はじめに
企業の収益性を高め、事業リスクを軽減するために、経営の多角化を考える経営者のみなさまは少なくありません。経営の多角化を迅速に実現するためにはM&A(Mergers(合併)and Acquisitions(買収))の活用は欠かせません。この記事では、多角化経営の意義について説明したあと、多角化経営を迅速に実現するための手段としてのM&Aについて詳しく解説していきます。
多角化経営実現の意義
多角化経営とは、企業が提供する製品またはサービスを変更または拡大することによって成長を図る企業戦略のことを言います。一般に、企業は、競合他社に差をつけるために多角化戦略をとる場合があり、これは「攻めの多角化」と呼ばれています。一方、企業は、市場環境の大きなプレッシャーに直面した際に、「守りの多角化」に着手するケースもあります。
ビジネスが誕生してから時間経過する、または参入障壁の低いビジネスモデルなどが原因となり、市場シェアや利益を拡大することが難しくなる場合があります。新しい事業分野への多角化は、収入を大幅に増やす機会を与えるだけでなく、本業が一時的または長期的に急降下した場合に備えて、会社を守ることにつながります。

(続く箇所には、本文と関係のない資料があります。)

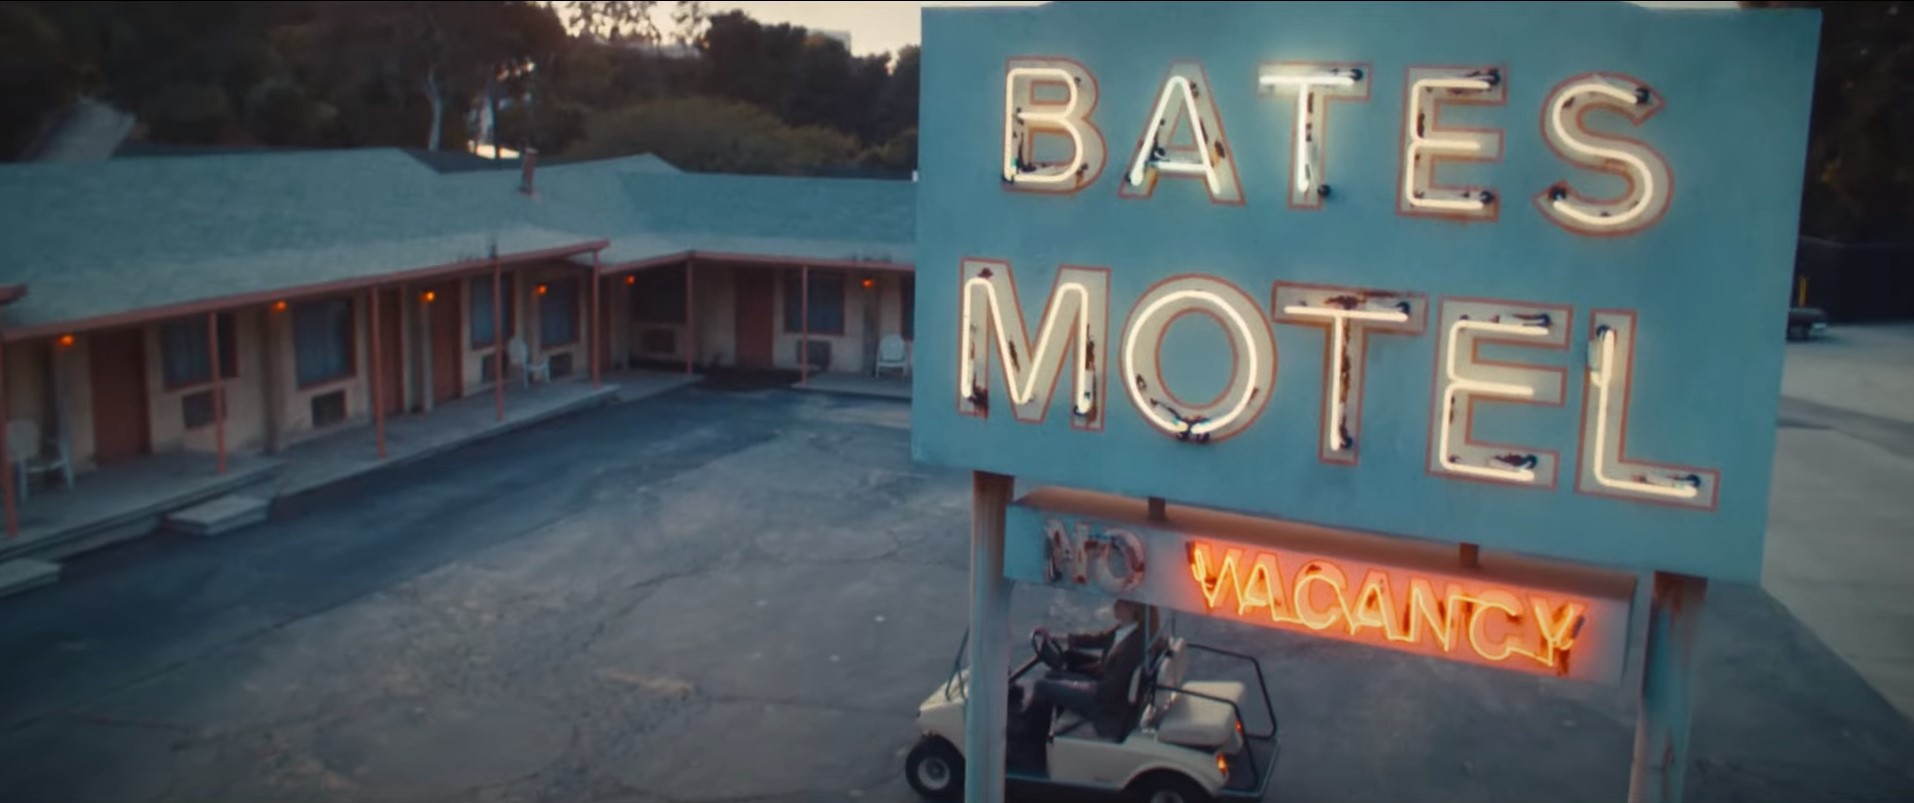 MaXXXine Bates Motel — объяснение отсылки к ужасам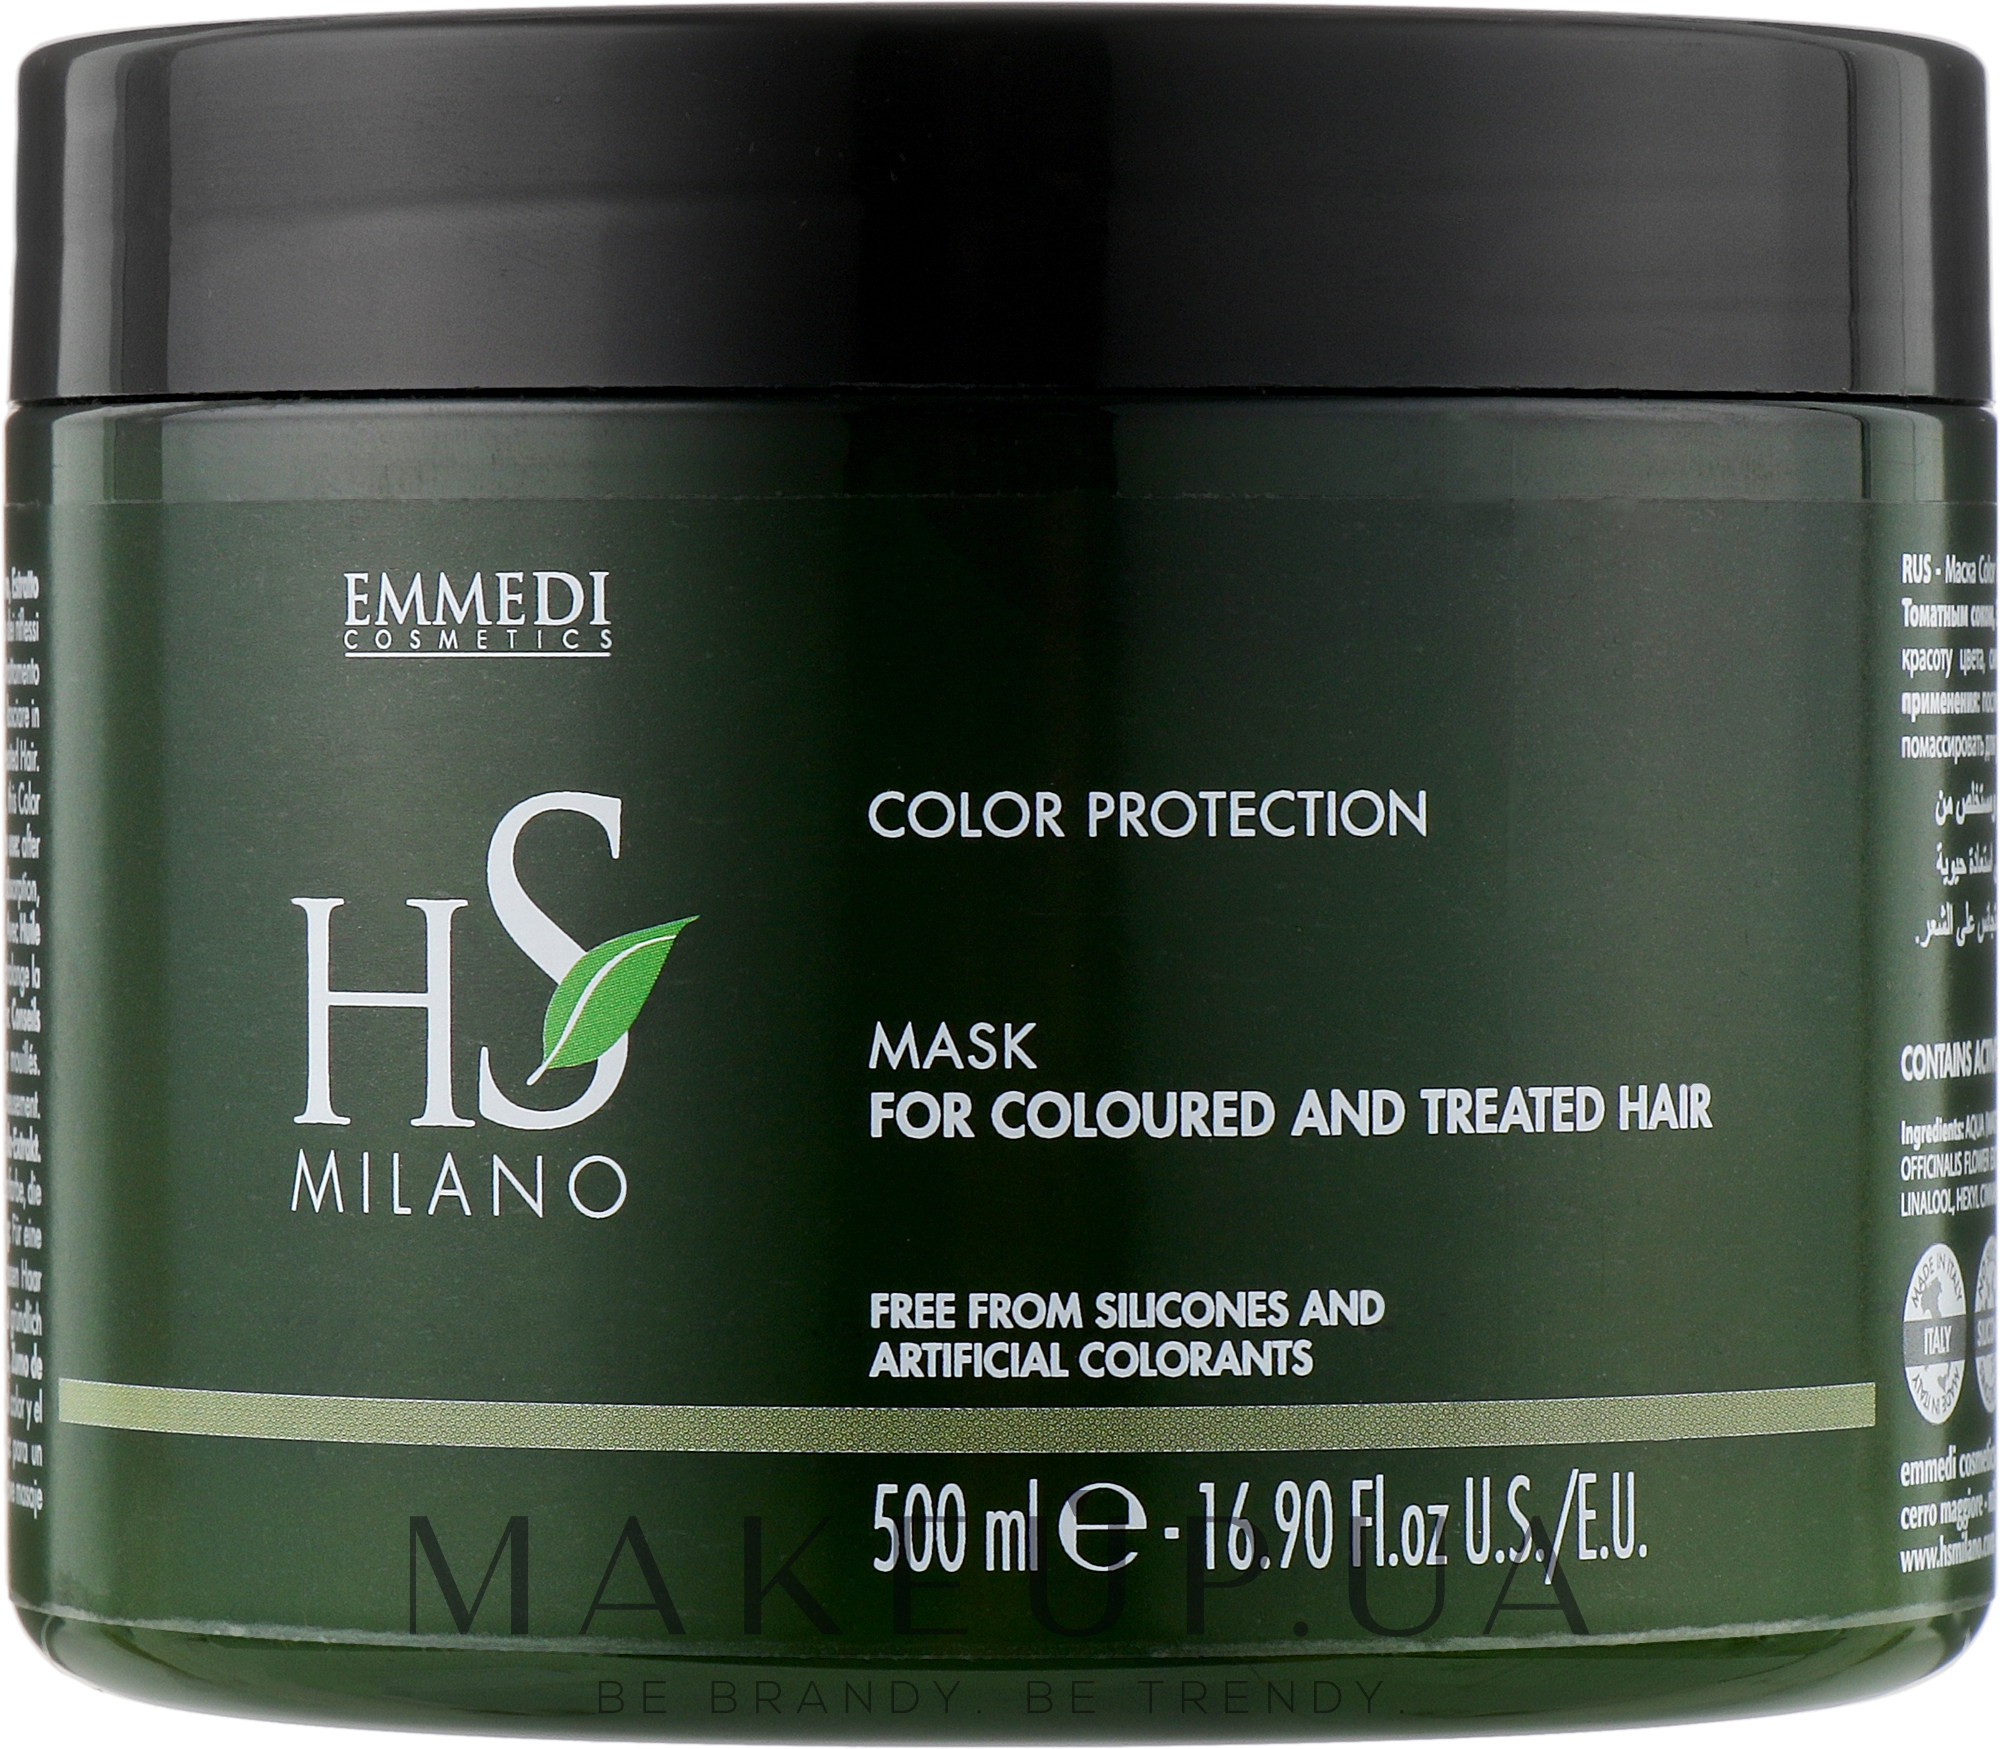 HS Milano Color Protection Mask For Coloured And Treated Hair - Маска для  окрашенных волос и после химического воздействия: купить по лучшей цене в  Украине | Makeup.ua

多角化とは、既存のビジネスを拡大することではありません。多角化の本質は、新たなビジネスチャンスを広げることにあります。たとえば、ある町でダイニング・レストランを経営している場合、隣町に2号店をオープンすることは、「経営の多角化」ではなく「事業の拡大」に過ぎません。企業向けにケータリングを始めたる、料理を提供していない時間帯に料理教室を開くといったことが多角化となります。
経営の多角化を検討する際には、関連する事業にとどまるのか、それとも全く別の市場に進出するのかを決めなければなりません。たとえば、ペットシッターがグルーミングサービスを提供するように、市場内にとどまることで、これまでの人脈やブランド、顧客基盤を活用することができるでしょう。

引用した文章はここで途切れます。